Scott Peterson Files Appeal Of Death Sentence From San Quentin
SAN FRANCISCO (CBS/AP) — Scott Peterson on Thursday filed the automatic appeal of his 2004 death sentence to the California Supreme Court, maintaining as he always has that he had nothing to do with the murders of his wife Laci and unborn son Connor.
Peterson’s attorney, noted death penalty lawyer Cliff Gardner, filed the 423-page document eight years after a San Mateo County jury found the former fertilizer salesman guilty of suffocating Laci and dumping her in the San Francisco Bay on Christmas Eve 2002.
Peterson has always maintained his innocence and his appeal to the Supreme Court is no different. Gardner claims that the overwhelming publicity Peterson’s trial received, incorrect evidentiary rulings and other mistakes deprived him of a fair trial. Peterson was convicted in 2004 after a trial that his attorney argues surpassed the O.J. Simpson murder trial in terms of publicity.
Peterson claims that Laci was killed sometime after he left their Modesto home the morning of Dec. 24, 2002 to go fishing in the San Francisco Bay. Gardner notes that Peterson was convicted and sentenced to death even though investigators never directly proving “how, where or when” the murder occurred.
Prosecutors told the jury that Laci was killed sometime between the night of Dec. 23, 2002 and the morning of Dec. 24, 2002. They believed Laci was suffocated in her home, but Gardner argues that there was little direct evidence collected at the house to support that theory.
Gardner argues that the intense publicity the case generated almost from the moment Laci disappeared deprived Peterson of a fair trial. The trial was ordered moved from Stanislaus County of the Petersons’ home, to San Mateo County. Gardner argued that the trial should have been moved yet again because of the crush of publicity in San Mateo County.
“Before hearing even a single witness, nearly half of all prospective jurors admitted they had already decided Mr. Peterson was guilty of capital murder,’ Gardner argues. And in what may be a first for the American system of justice, outside the courthouse in which the parties would try to select a fair jury, a radio station posted a large billboard which had a telephone number for people to call in and vote” whether Peterson was a “man or monster.” Peterson was pictured in an orange jailhouse jumpsuit.
“The publicity continued throughout trial,” Gardner argued. “A mob estimated at more than 1,000 people gathered at the courthouse to await the guilt phase verdict. After the guilty verdict was announced, the 12 jurors departing to await the beginning of the penalty phase—and decide whether Mr. Peterson would live or die—were met with wild applause and cheering.”
Beyond issues with the publicity, Gardner argues the judge made several erroneous evidentiary decisions and other rulings that led to Peterson receiving an unfair trial. Gardner complains the judge automatically excluded prospective jurors who said they opposed the death penalty. Gardner argued that those jurors should have been questioned more about whether they could still decide the case fairly.
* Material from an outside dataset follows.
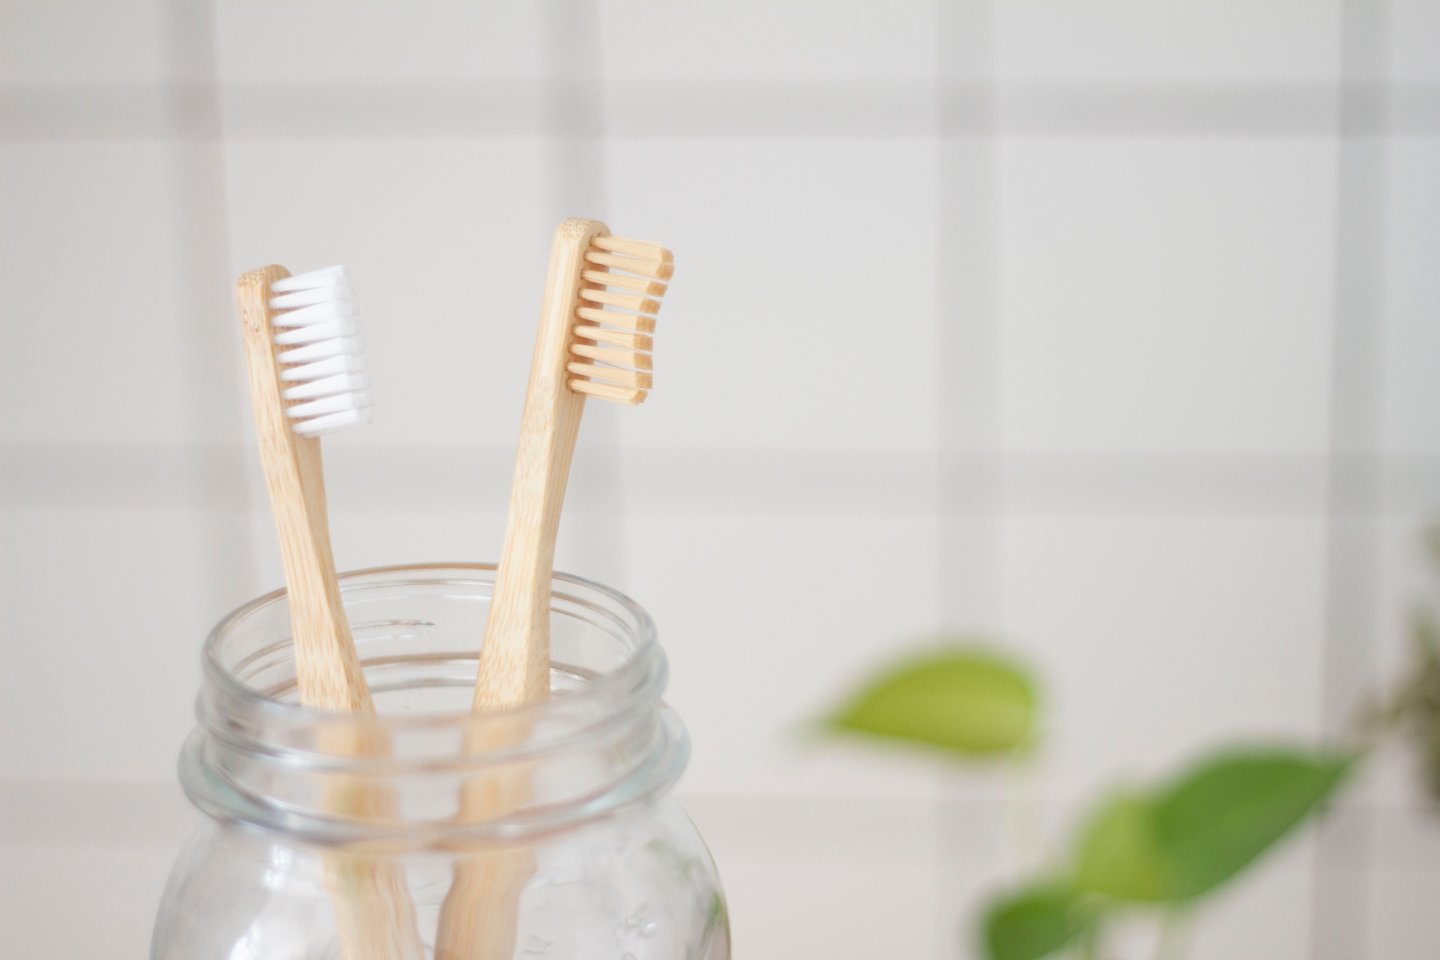 Two toothbrushes with wooden handles in a glass jar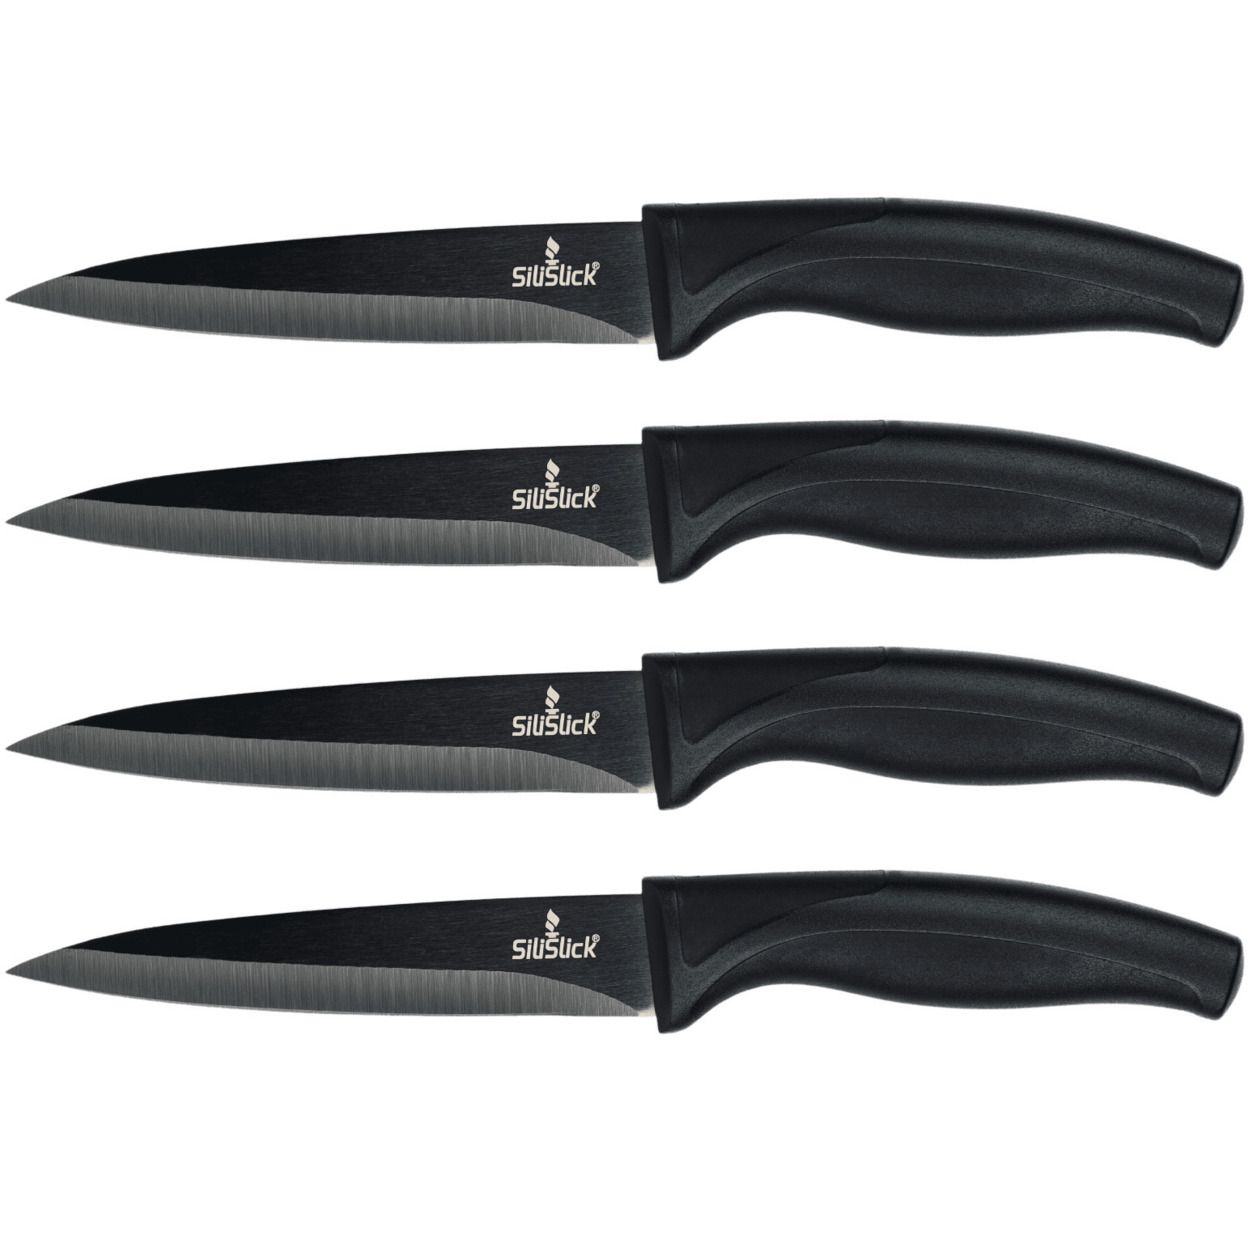 SiliSlick Stainless Steel Steak Knife Black Handle And Blade Set Of 4 - Titanium Coated Kitchen Straight Edge For Cutting Meat

Gardner also argues that some of the prosecution’s strongest evidence should never have been shown to the jury. For instance, Gardner alleges that the police dog who picked up Laci’s scent at the Berkeley Marina “even though the dog had a dismal record of being wrong a remarkable 66 percent of the time.”
The thick legal brief delves into numerous other issues alleging incorrect rulings, juror misconduct and other errors.
All death penalty cases are appealed to the California Supreme Court, which is struggling to keep up with the pace of cases. There are 725 inmates on Death Row and no prisoner has been executed in California since January 2006. Lawsuits in federal and state courts have temporarily halted executions.
The appeal is expected to take months, if not years, to be resolved.